Dry goods丨Performance comparison test of DolphinDB and Elasticserach on financial data sets

Elasticsearch is a very popular log retrieval and analysis tool, especially in terms of real-time, scalability, ease of use, and full-text retrieval. There is an article on Zhihu , Golion: Dimensionality Reduction! Use ElasticSearch as a time series database , and achieved very good results. Many Zhihu users can't help but ask whether Elasticsearch can be used for the storage and analysis of massive financial data?

For this reason, we conducted comprehensive comparative tests on financial data sets of different scales between DolphinDB and Elasticsearch. The content of the test includes I/O, disk space occupation, memory consumption, database query (filter query and group statistics) 4 major items. The test results are no surprises. DolphinDB, a time-series database that is very eye-catching in the field of financial data processing, beats Elasticsearch.
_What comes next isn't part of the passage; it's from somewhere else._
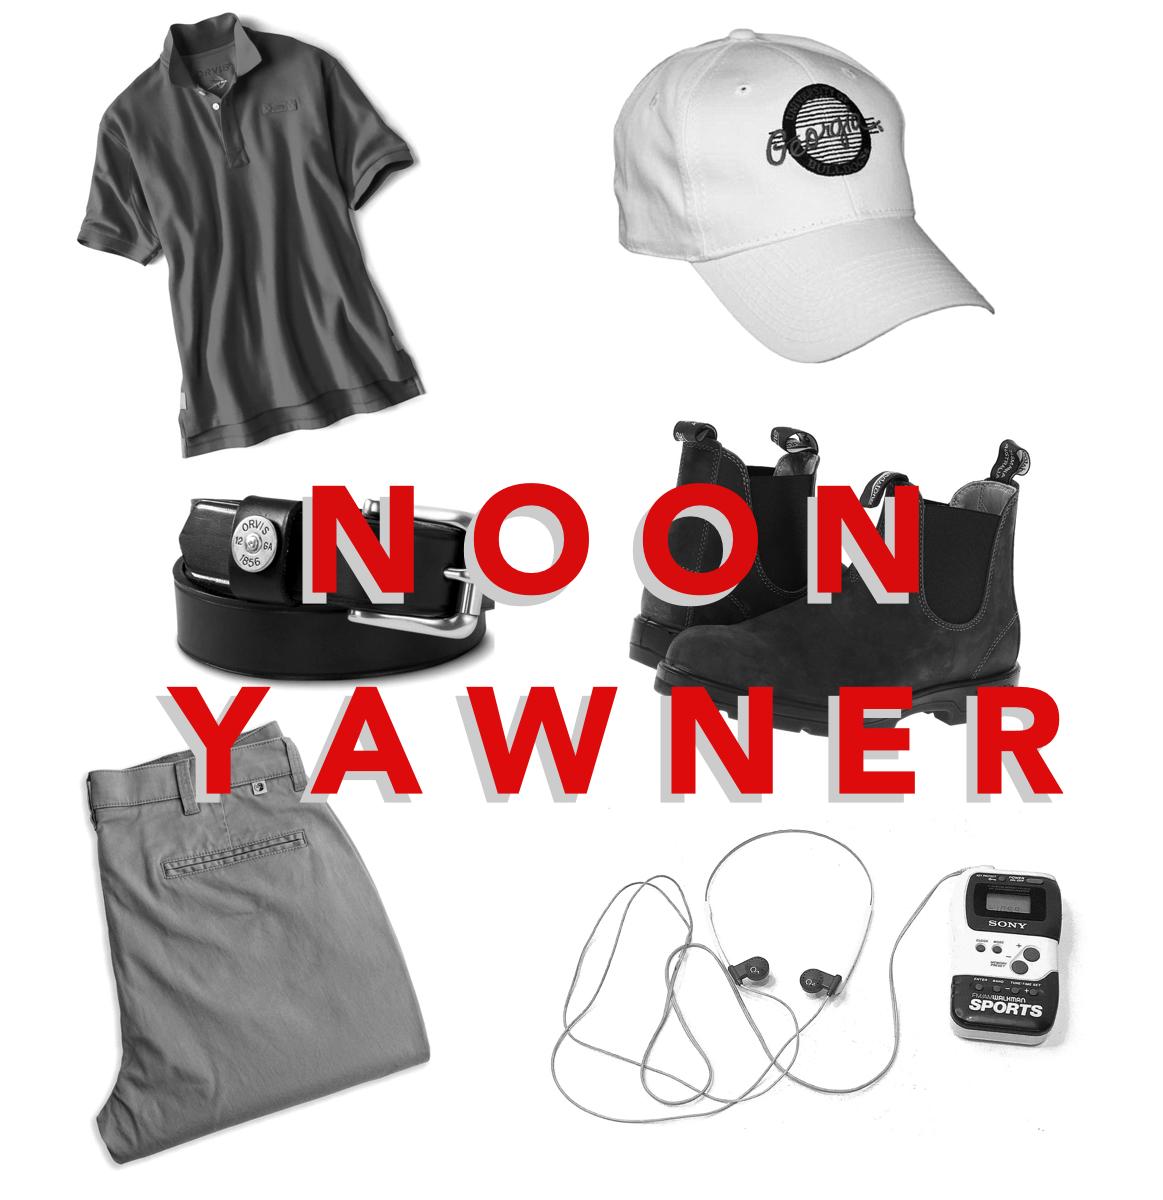 The Noon Yawner

Group statistics (aggregate calculation), DolphinDB outperforms Elasticsearch by about 10 times, and the advantages become more obvious as the data set increases. In particular, when the test case involves the time type field, the performance of DolphinDB is particularly prominent.
Simple filter query, the performance of DolphinDB is 100 times that of Elasticsearch .
In terms of data import, Elasticsearch takes 25 to 75 times that of DolphinDB , and it tends to become larger as the data set increases.
In terms of disk space occupation, DolphinDB has achieved compression of the original data, while Elasticsearch occupies more space on the disk than the original data in order to maintain document index and other information (excluding temporary data). The overall gap is about 10 times.

1. System Introduction

1.1 Introduction to DolphinDB

DolphinDB is an analytical distributed time series database, using columnar storage, built-in streaming data processing engine, parallel computing and distributed computing engine, and provides a distributed file system to support cluster expansion. DolphinDB is written in C++, and the response speed is extremely fast. Provide SQL and Python-like scripting languages to manipulate data. Provide APIs in other commonly used programming languages to facilitate integration with existing applications. It performs well in scenarios such as historical data analysis and modeling and real-time streaming data processing in the financial field, and massive sensor data processing and real-time analysis in the Internet of Things field.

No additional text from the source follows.